Pero Dios no obra de esa manera. El padre en esta historia no provoca a sus hijos con lo inalcanzable. No los mide despiadadamente en comparación con sus vecinos. Ni siquiera los compara entre sí. Sus gestos de compasión hacia uno no requieren retirar ni negar amor por el otro. Él es divinamente generoso con ambos hijos. A ambos les extiende caridad. Creo que Dios está con nosotros de la misma manera en que mi preciosa esposa, Pat, está conmigo cuando canto. Ella es una música talentosa, algo así como un genio musical, pero yo no podría entonar una nota ni con velcro. Y sin embargo, sé que ella me ama de una manera muy especial cuando intento cantar. Lo sé porque lo veo en sus ojos.

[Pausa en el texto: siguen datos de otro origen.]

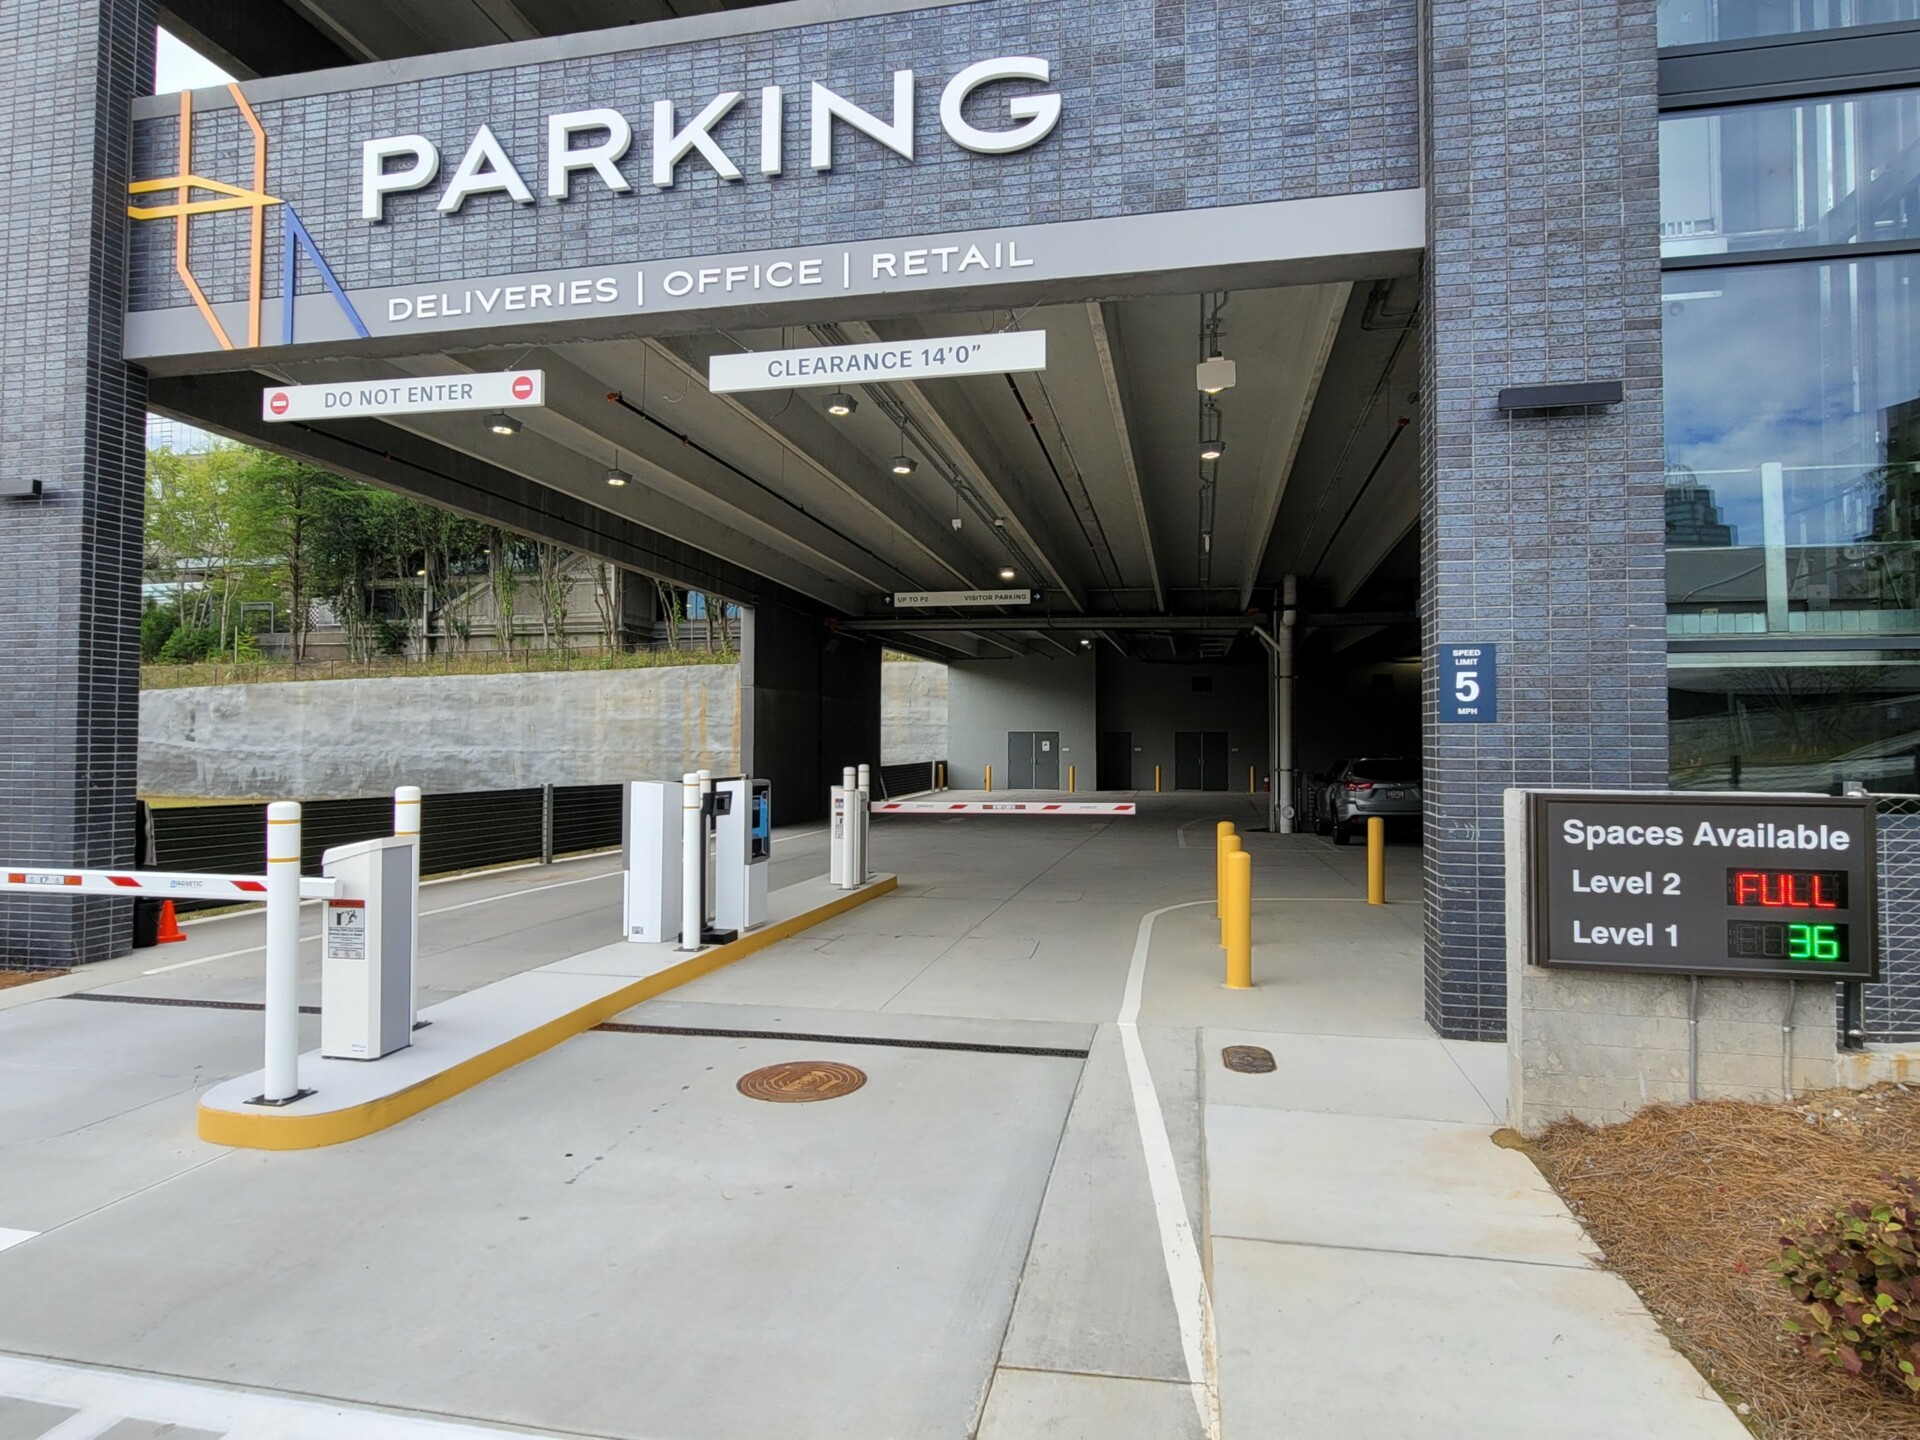 Parking access controlled with gate entry and with a sign sharing levels and parking spaces open.
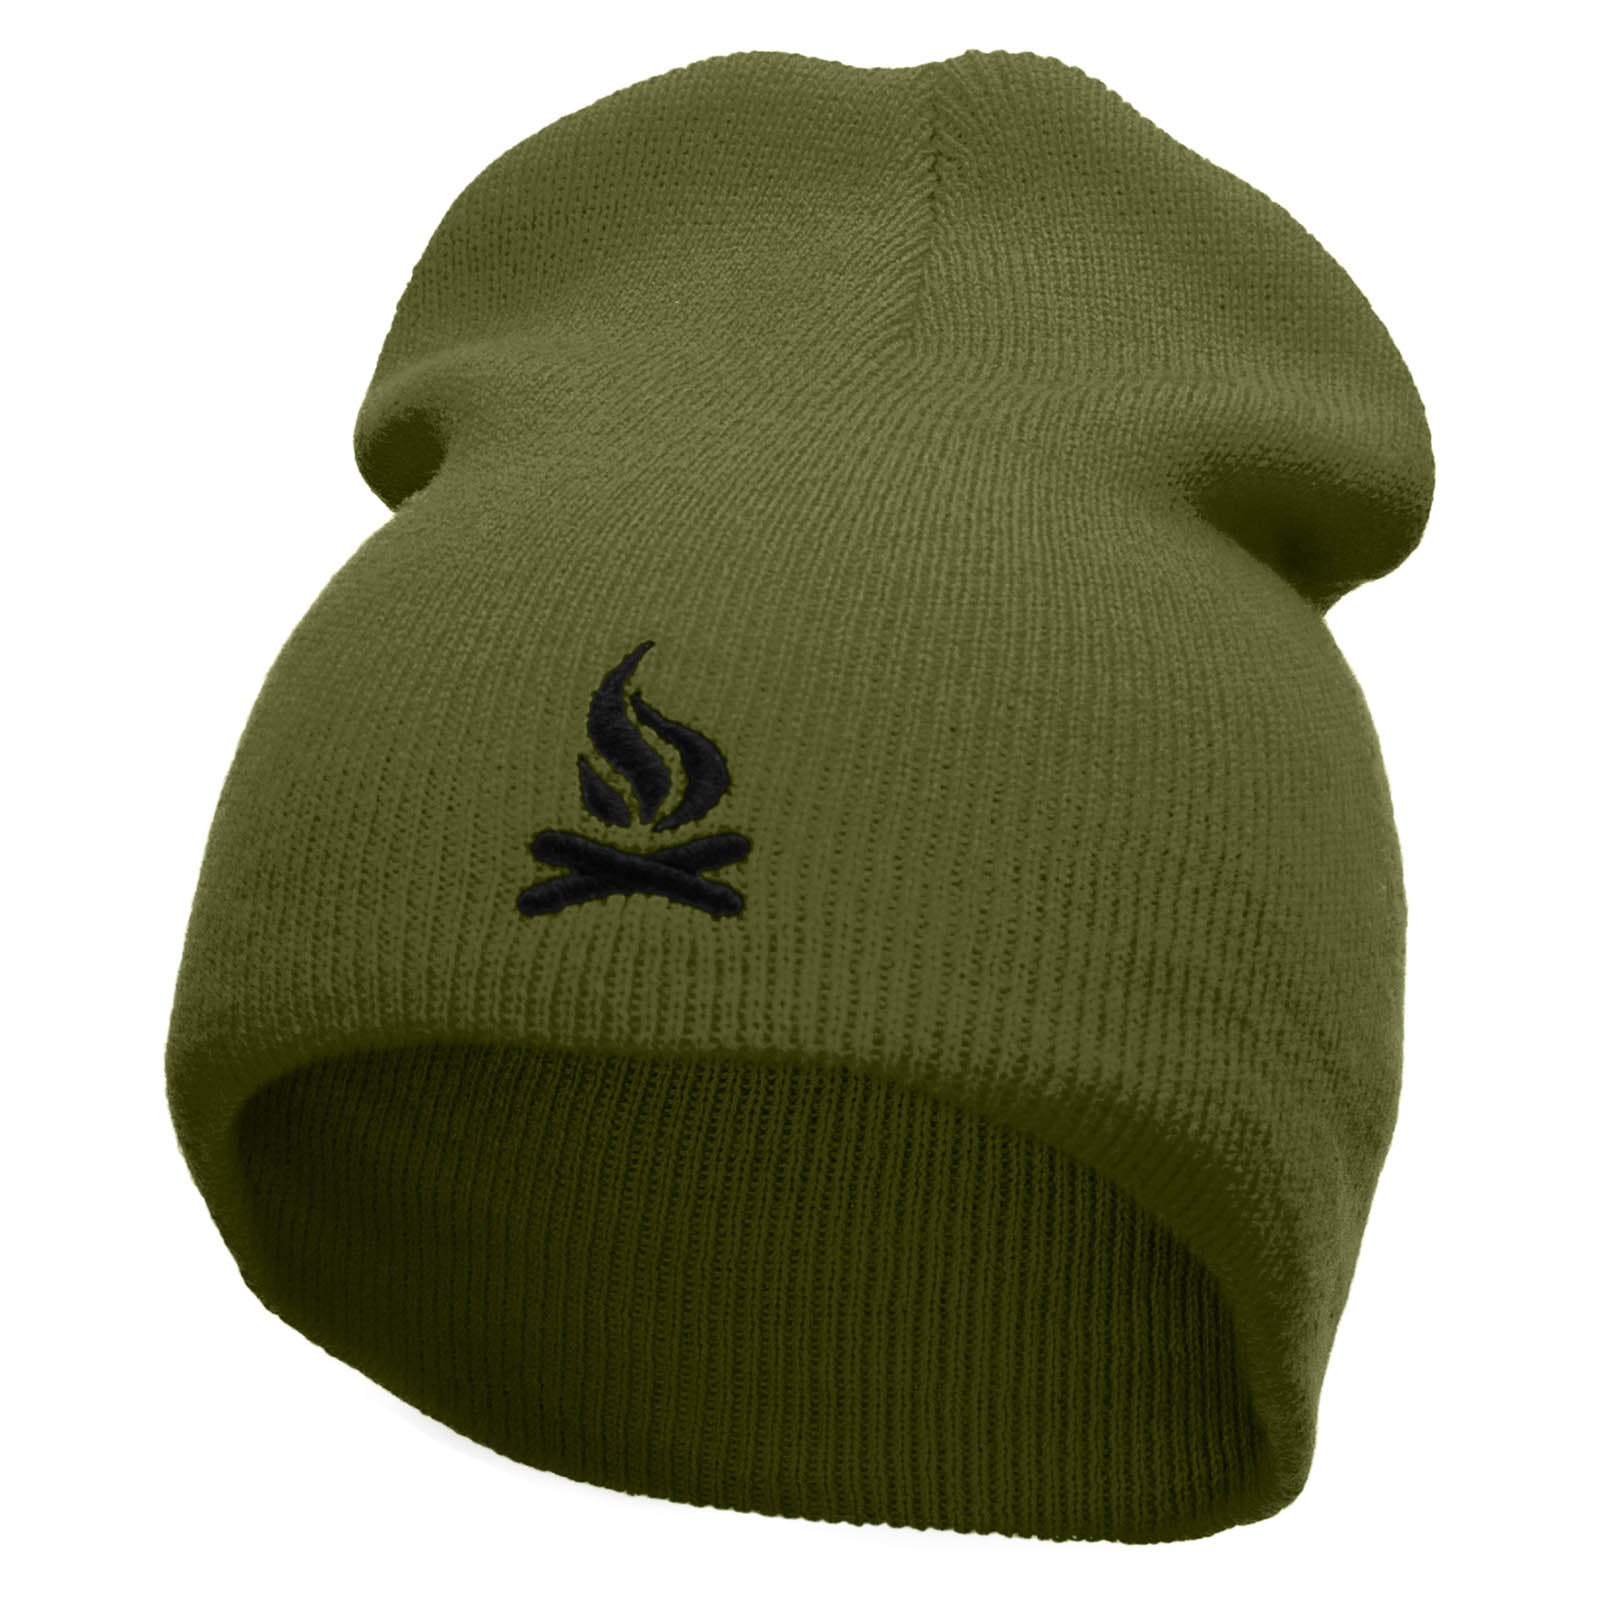 Camp Fire Embroidered 8 Inch Short Beanie Made in USA - Military Green OSFM

Son ojos de amor.
Un observador escribió: “En un mundo que constantemente compara a las personas, clasificándolas como más o menos inteligentes, más o menos atractivas, más o menos exitosas, no es fácil creer verdaderamente en un amor [divino] que no haga lo mismo. Cuando escucho elogiar a alguien,” dice, “es difícil no pensar en mí mismo como menos digno de elogio; cuando leo sobre la bondad y amabilidad de otras personas, es difícil no preguntarme si yo soy igual de bueno y amable que ellas; y cuando veo trofeos, premios y galardones siendo entregados a personas especiales, no puedo evitar preguntarme por qué eso no me pasó a mí.” Si no se resiste, podemos ver cómo esta inclinación, tan magnificada por el mundo, termina por generar una visión resentida y degradante de Dios, y una visión terriblemente destructiva de nosotros mismos. La mayoría de los mandamientos que comienzan con “no harás” están destinados a evitar que lastimemos a los demás, pero estoy convencido de que el mandamiento de no codiciar está destinado a evitar que nos lastimemos a nosotros mismos.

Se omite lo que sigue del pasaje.